The court found that many of the challenged statements were either made before the alleged adverse trends emerged, were consistent with the alleged facts, or constituted non-actionable puffery and corporate optimism. Generalized statements regarding growth, confidence, and performance were insufficient to support a securities fraud claim.

However, the court concluded that plaintiffs adequately alleged falsity and scienter with respect to a narrower set of statements made in November 2024, including statements by the company’s CEO during a televised interview responding to the Muddy Waters report. In that context, the court found that statements asserting that inventory levels were built to meet strong demand could be misleading if, as alleged, demand was in fact weakening at the time.

Accordingly, the court sustained Section 10(b) claims against the company and one executive based on these statements, while dismissing all other claims.

The Follow-On Derivative Action

The Verified Stockholder Derivative Complaint, filed on April 9, 2026, asserts claims that largely track the allegations in the e.l.f. SCA.

The derivative complaint alleges that the company’s directors and officers breached their fiduciary duties by failing to oversee operations adequately, disseminating misleading information, and allowing inventory levels to rise while demand declined. The complaint also includes insider trading allegations, asserting that certain executives sold stock while in possession of material nonpublic information.

Notably, the derivative complaint relies on the partial denial of the motion to dismiss in the securities action to support its claims and to bolster its demand futility arguments, illustrating how even a limited survival of claims can fuel follow-on litigation.

Discussion

From a D&O underwriting perspective, the e.l.f. litigation highlights the exposure associated with companies whose valuation narratives depend heavily on sustained growth. When a company emphasizes consistent, category-leading performance, even modest deviations from that trajectory, particularly when executives publicly address emerging concerns about demand or performance, can give rise to allegations that prior disclosures were misleading.

In addition, the case provides an example of litigation risk associated with informational asymmetries. Here, the alleged lack of visibility into “untracked” sales channels allegedly created a gap between internal data and public disclosures. For D&O underwriters, companies that rely on metrics that may not be independently verifiable by investors can present increased disclosure risk, particularly where those metrics are central to the company’s valuation narrative.

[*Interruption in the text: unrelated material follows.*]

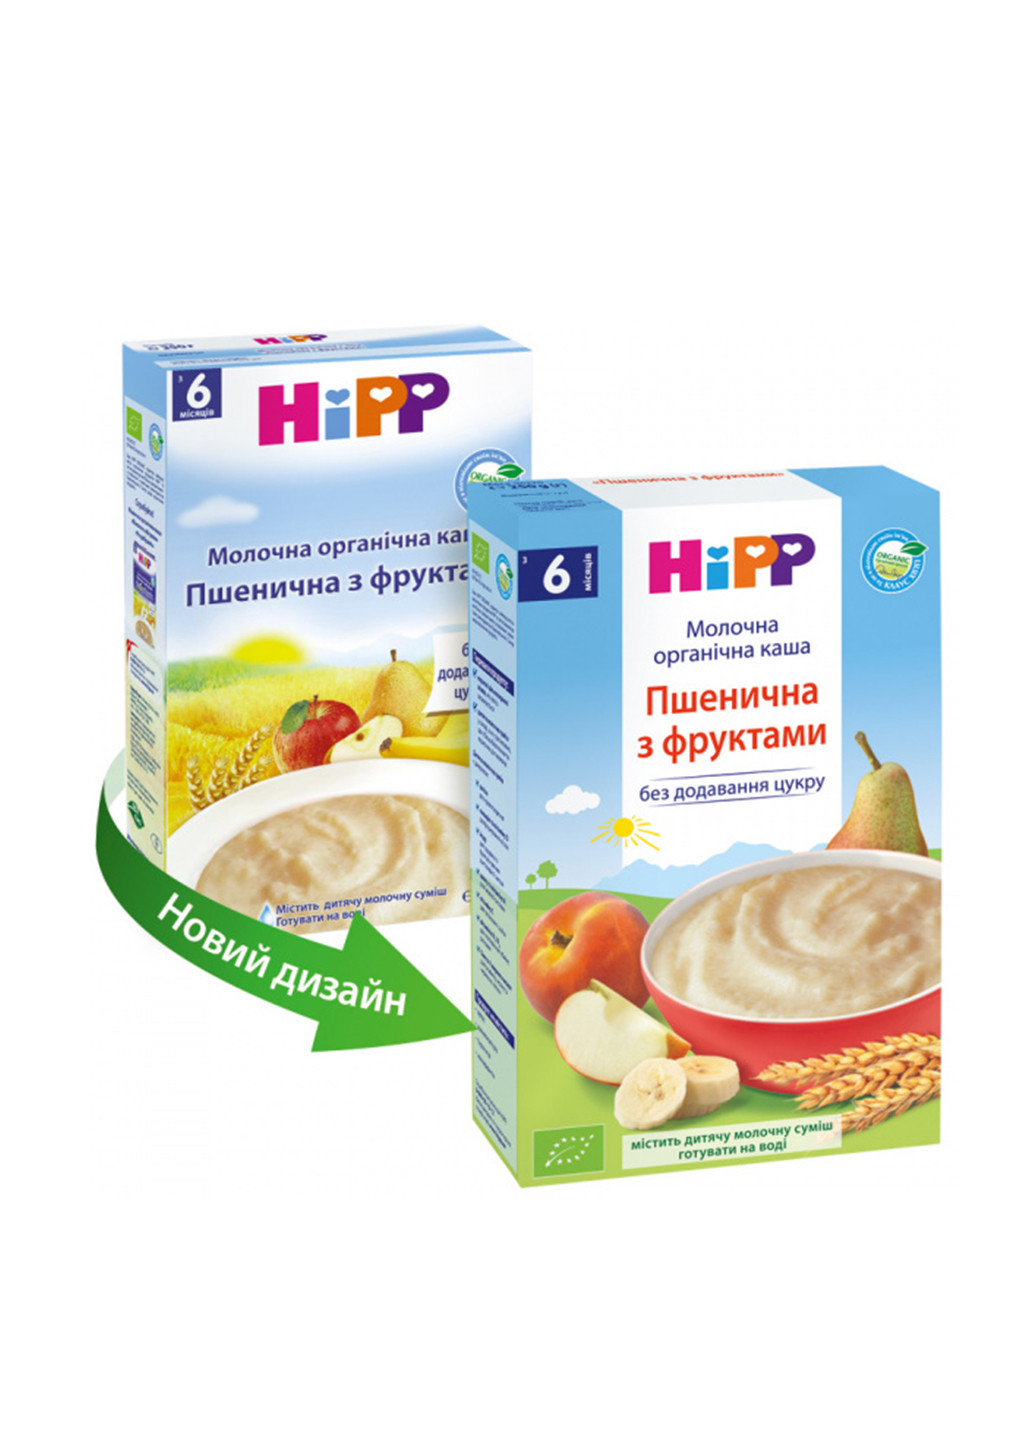 Каша молочная органическая Пшеничная с фруктами, 250 г Hipp (131406418)

The court’s ruling may also illustrate, for both courts and market participants, the importance of distinguishing between non-actionable corporate optimism and actionable misstatements. While many of the challenged statements were dismissed as puffery, the survival of claims tied to specific, contextual statements, particularly those made in response to negative external reports, demonstrates that a discrete set of statements can sustain a securities claim where plaintiffs adequately allege contemporaneous contradictory facts.

More broadly, the decision reflects a practical reality in securities litigation: dismissal of most claims may not materially reduce overall D&O exposure. Even a narrow surviving claim can sustain a securities class action through discovery and, as this case demonstrates, provide a foundation for follow-on derivative litigation.

Finally, the derivative action highlights the extended lifecycle of D&O claims. Even where defendants achieve meaningful success at the motion to dismiss stage, the survival of any securities claims can lead to additional litigation, prolonging defense costs and increasing overall exposure. Derivative suits also introduce distinct risks, including the potential for non-indemnifiable loss, corporate governance reforms, and fee awards.

For D&O underwriters, a key takeaway should be that litigation outcomes are often more nuanced than they initially appeared. A “partial win” at the motion to dismiss stage may still carry significant downstream consequences, particularly where it enables plaintiffs to proceed into discovery and fuels parallel or follow-on actions.